The sequence of random numbers obtained using this formula is called a linear congruent sequence. Many authors call the linear congruent sequence with b = 0 the multiplicative congruential method, and with b ≠ 0 - the mixed congruent method. For a high-quality generator, you need to select the appropriate factors. It is necessary that the number M be quite large, since the period can not have more M elements. On the other hand, the division used in this method is a rather slow operation, so for a binary computing machine it will be logical to choose M = 2 N , since in this case finding the remainder of the division is reduced inside the computer to a binary logical operation “AND”. The choice of the largest prime number M , which is less than 2 N, is also widespread: in the special literature, it is proved that in this case the lower digits of the random number r i + 1 obtained behave as randomly as the older ones, which has a positive effect on the entire sequence of random numbers in general. As an example, one of the Mersenne numbers is equal to 2 31 - 1, and thus, M = 2 31 - 1. One of the requirements for linear congruent sequences is as long a period as possible. The length of the period depends on the values of M , k and b . The theorem we give below allows us to determine whether it is possible to achieve a period of maximum length for specific values of M , k, and b . Theorem . A linear congruent sequence defined by the numbers M , k , b and r 0 has a period of length M if and only if:
Finally, in conclusion, we consider a couple of examples of using the linear congruential method for generating random numbers.
It was found that a series of pseudo-random numbers generated from the data from Example 1 would be repeated every M / 4 numbers. The number q is set arbitrarily before the start of the calculations, however, it should be borne in mind that the series seems to be random for large k (and hence q ). The result can be slightly improved if b is odd and k = 1 + 4 · q - in this case, the series will be repeated every M numbers. After a long search for k, the researchers settled on the values of 69069 and 71365.

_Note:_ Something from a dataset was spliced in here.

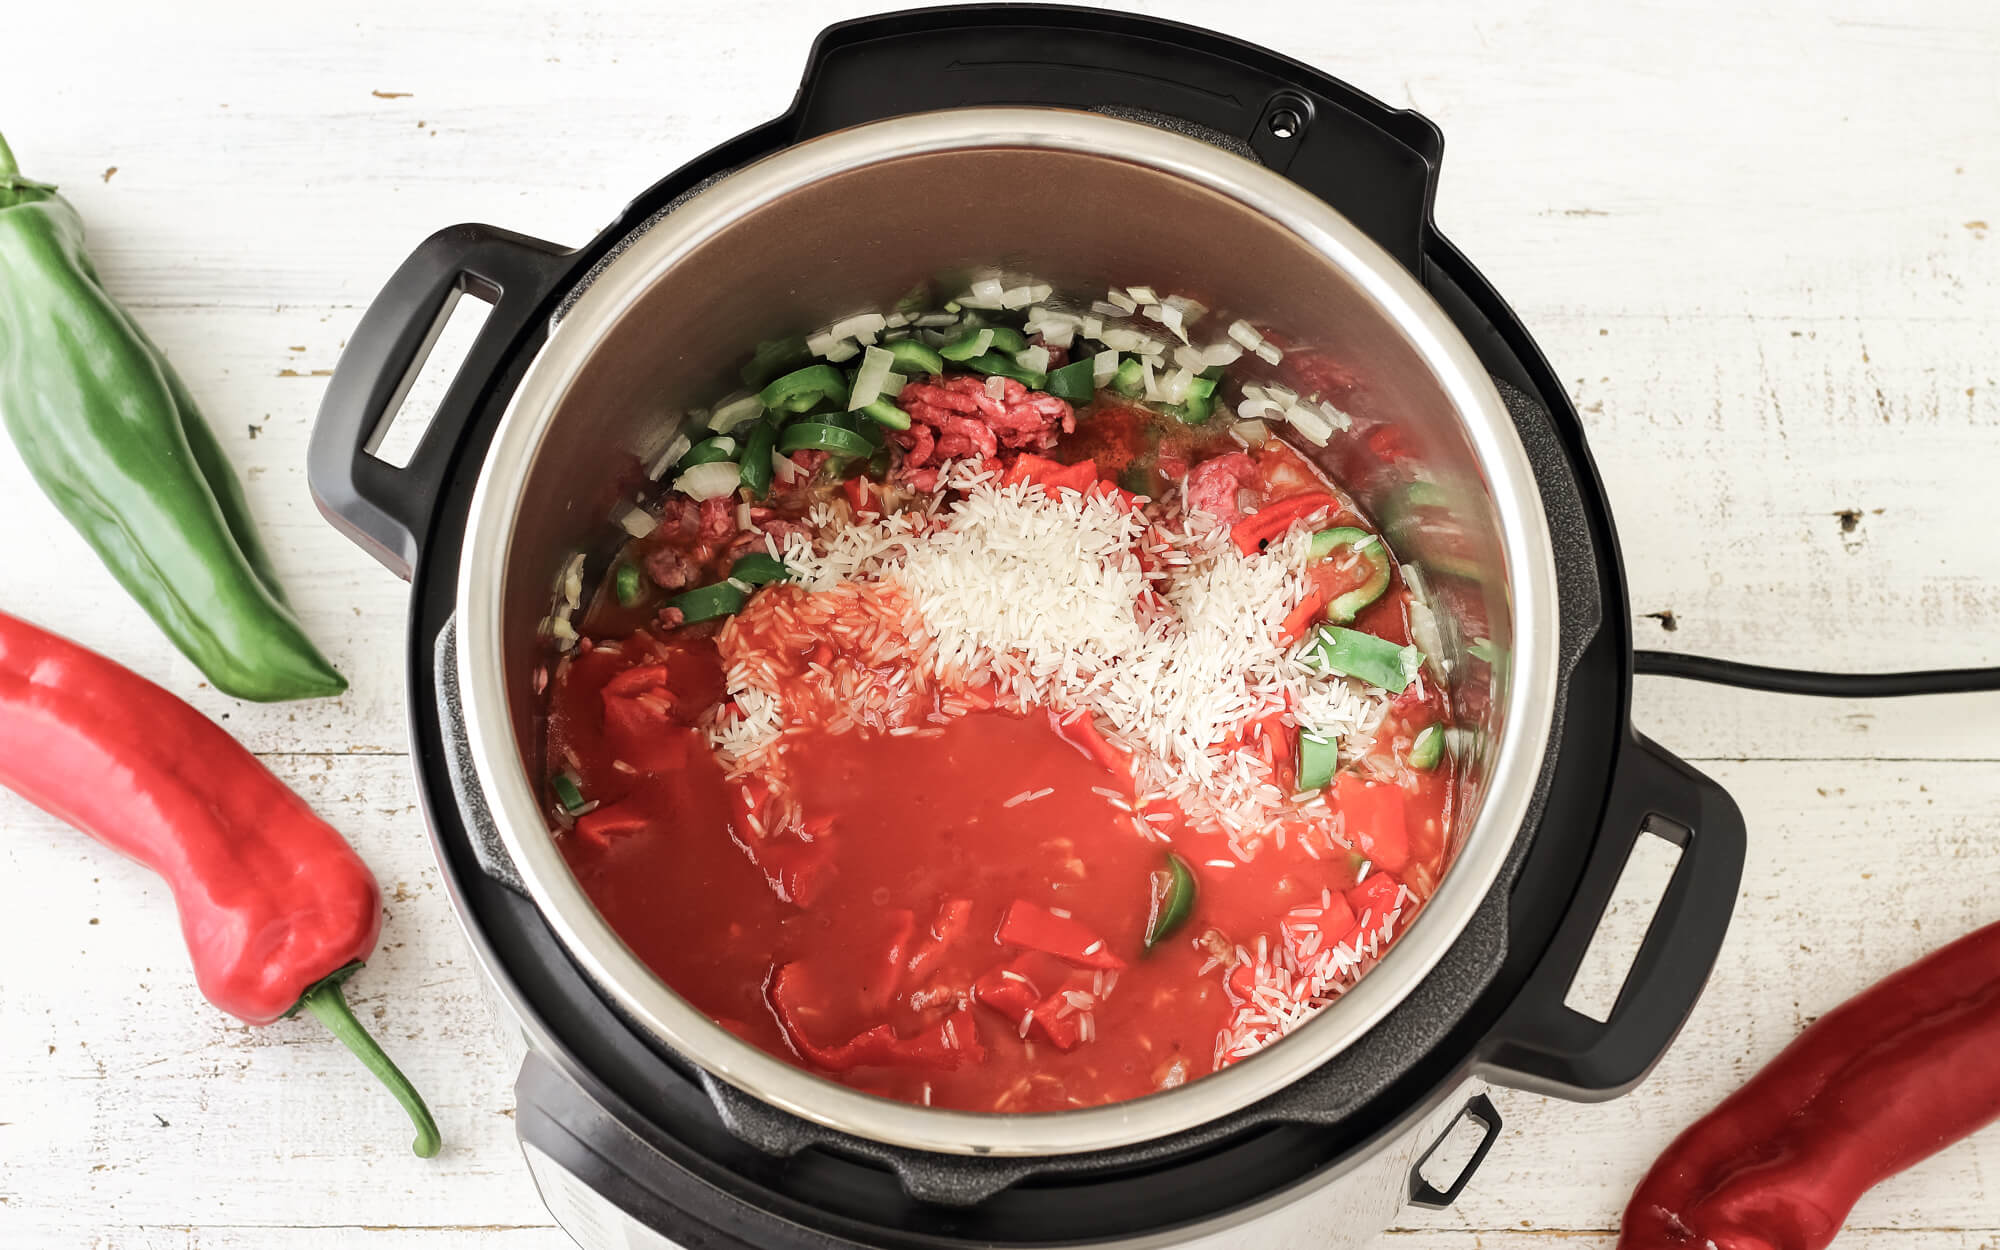 Pressure cooking a meal

A random number generator using the data from Example 2 will produce random, non-repeating numbers with a period of 7 million. A multiplicative method for generating pseudo-random numbers was proposed by D. G. Lehmer in 1949. Check the quality of the generatorThe quality of the entire system and the accuracy of the results depend on the quality of the RNG. Therefore, the random sequence generated by the RNG must satisfy a variety of criteria. Carried out checks are of two types:
Checks for uniform distribution1) RNG should give close to the following values of statistical parameters characteristic of a uniform random law:
2) Frequency test The frequency test allows you to find out how many numbers fall into the interval ( m r - σ r ; m r + σ r ), that is (0.5 - 0.2887; 0.5 + 0.2887) or, ultimately, (0.2113; 0.7887). Since 0.7887 - 0.2113 = 0.5774, we conclude that in a good RNG about 57.7% of all random numbers dropped out should fall into this interval (see. Fig. 22.9).
It is also necessary to take into account that the number of numbers falling within the interval (0; 0.5) should be approximately equal to the number of numbers falling within the interval (0.5; 1). 3) Check by criterion "chi-square" The chi-square test (χ 2 test) is one of the most well-known statistical criteria; It is the main method used in combination with other criteria. The chi-square test was proposed in 1900 by Karl Pearson. His remarkable work is regarded as the foundation of modern mathematical statistics. For our case, the chi-square test will allow us to find out how close the real RNG created by us is close to the RNG standard, that is, whether it satisfies the requirement of uniform distribution or not. The frequency diagram of the reference RNG is shown in Fig. 22.10. Since the distribution law of the reference RNG is uniform, the (theoretical) probability p i of numbers falling into the i -th interval (all of these intervals k ) is equal to p i = 1 / k . And, thus, exactly k p · N numbers fall into each of the k intervals ( N is the total number of generated numbers).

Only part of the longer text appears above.